広告の数に関する考察 - 『選択の科学』を読んで

 この記事の下には、Googleの広告が一つ貼ってある。スマートフォンで見ると画面の端から端まで表示される広告だが、PCで見ると左右に大きなスペースが空く。だから一時期、広告を二つ並べていた。

 『選択の科学』は社会心理学シーナ・アイエンガー教授の本。教授は人間の「選択」という行為に対して様々な実験を行い、ある傾向を発見した。

 スーパーでジャムの試食キャンペーンを行った。試食した客に割引券を渡して、ジャムの購入率を割り出すテストだ。試食は店舗の入り口で行ない、シャムは店内で販売した。試食はAとBのパターンに分けた。Aは24種類のジャムを並べ、Bは6種類のジャムを並べた。その中なら幾つでも試食できるようにした。

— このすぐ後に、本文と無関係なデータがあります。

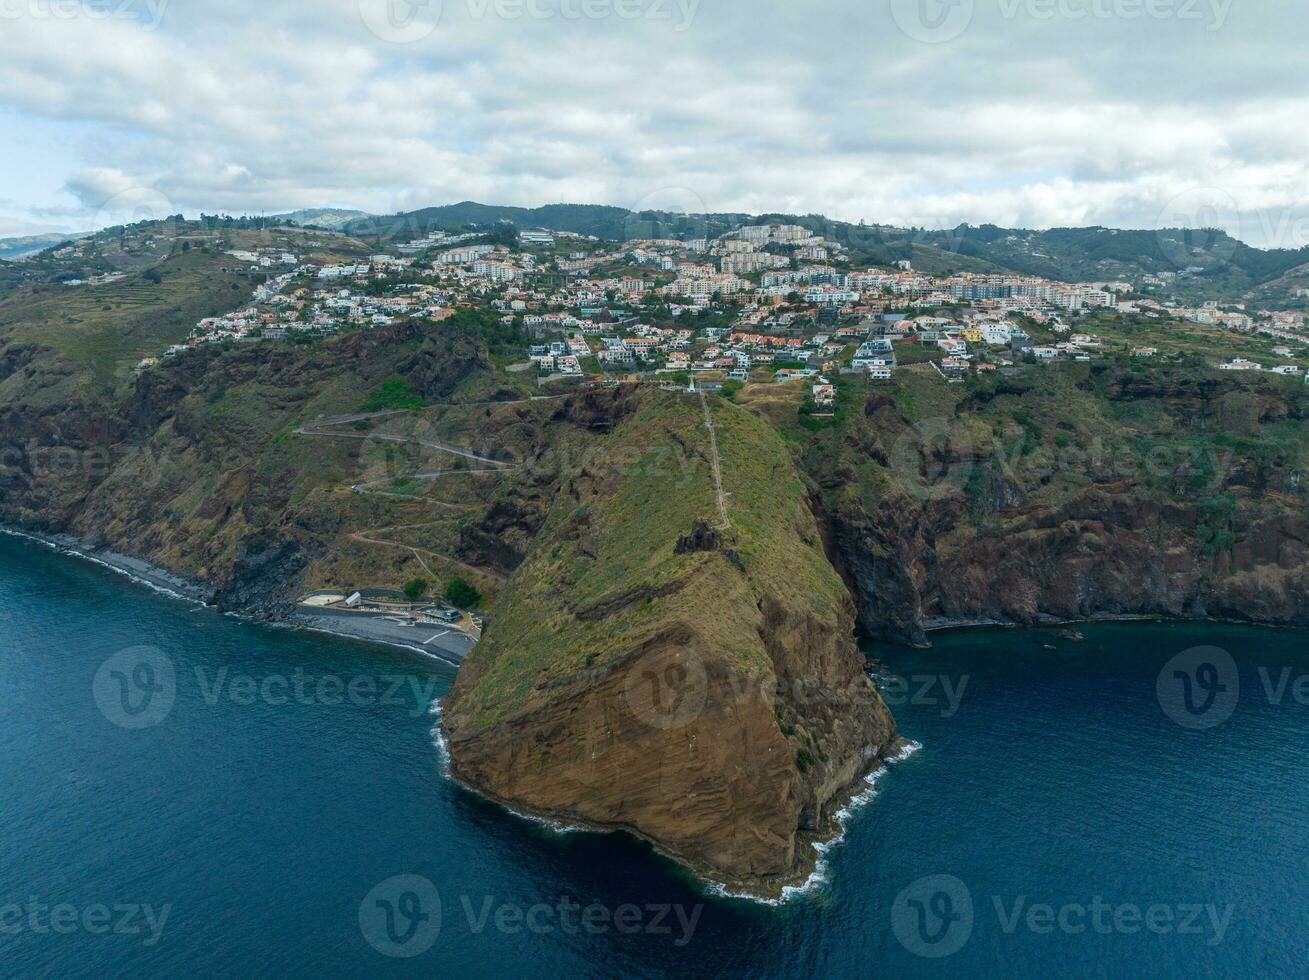 Jezus Christus standbeeld van Christus de koning - Madeira, Portugal foto

 結果は明確に分かれた。試食した客は、24種類のAが60%、6種類のBが40%で、Aのほうが多かった。ところが、店内でジャムを購入したのはAがたった3%で、Bが30%だった。つまり、多くの種類を試食した客は、自分の欲しいジャムが決まらず、結果的に購入しなかったのだ。

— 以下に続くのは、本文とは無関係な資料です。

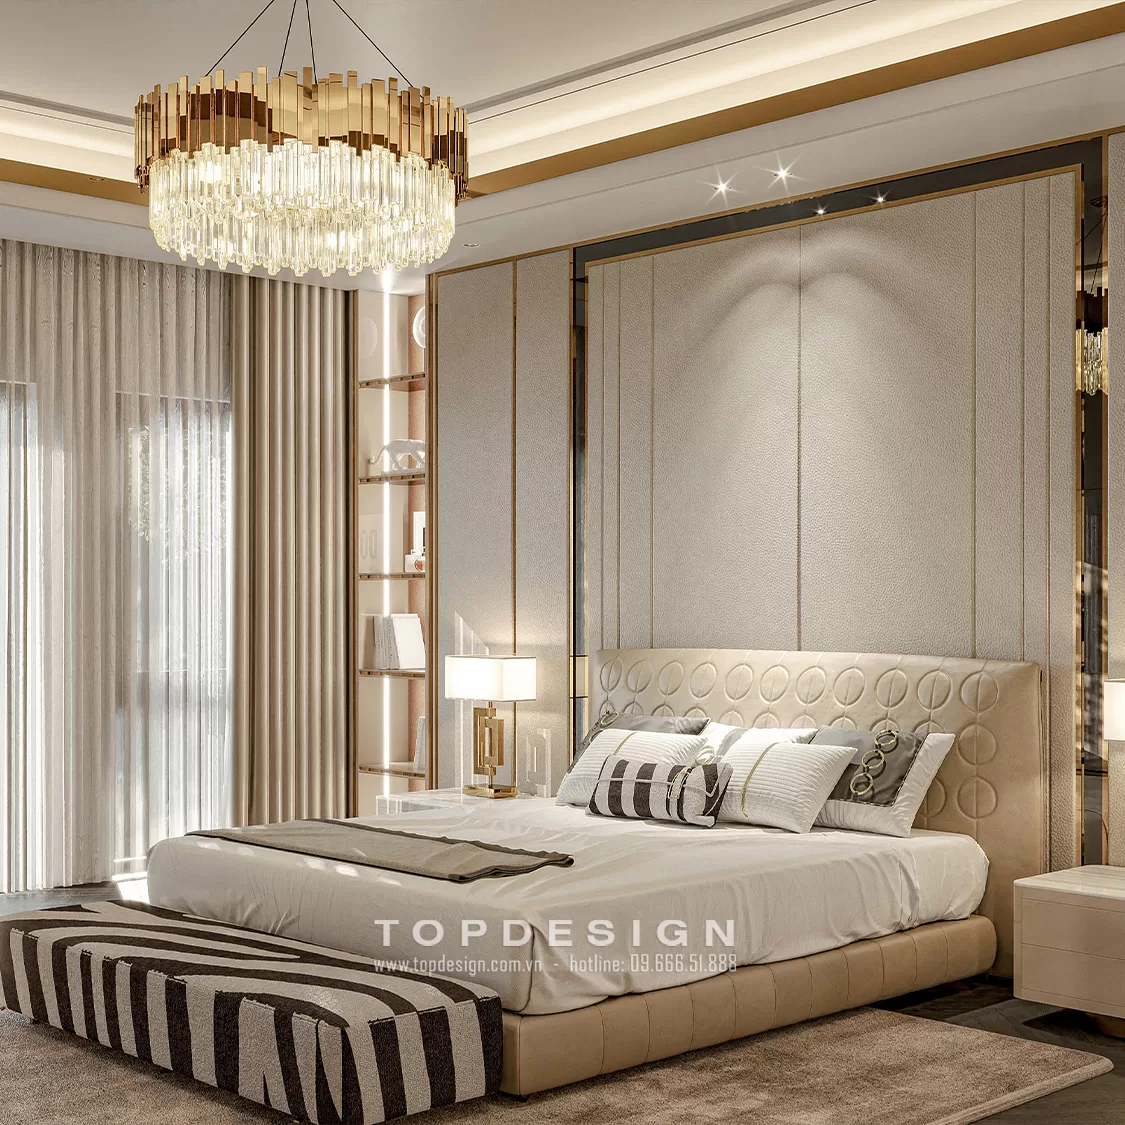 Thiết kế nội thất biệt thự phong cách tân cổ điển - TOPDESIGN - 16

 他にもシャンプーの種類を減らして売り上げを伸ばした例や、投資商品の選択肢を減らして契約を伸ばした例など、同じようなケースが幾つもある。多すぎる選択肢は、機会を逃すことになるのだ。

 広告の話に戻ろう。

 一時期、記事の下に広告を二つ並べたことがあったが、クリック率は上がらなかった。下がることはなかったため「選択の科学」と同じ結果になったわけではないが、上がらなかった理由は同じだと考えている。

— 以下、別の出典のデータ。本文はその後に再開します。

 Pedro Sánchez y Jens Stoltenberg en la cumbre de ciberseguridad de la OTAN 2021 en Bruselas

 ①最初に読者は、キュレーションサイトなどに並んでいる複数のタイトルから、記事を一つ選んでクリックする。②次に、記事の本文で紹介されている他サイトや商品のリンクをクリックする。③最後に、記事の末尾にある広告と関連記事を目にする。③の時点でもう、読者のお腹はいっぱいだ。

 ウェブの広告は何かを選んで決める行為とは違う。数が多ければ反射的なクリックが期待できるし、スマートフォンなら誤タッチも生まれる。だが、「選択の科学」が適用できる側面もある。広告も商品もデザインも、少ないことは往々にして良い結果を生む。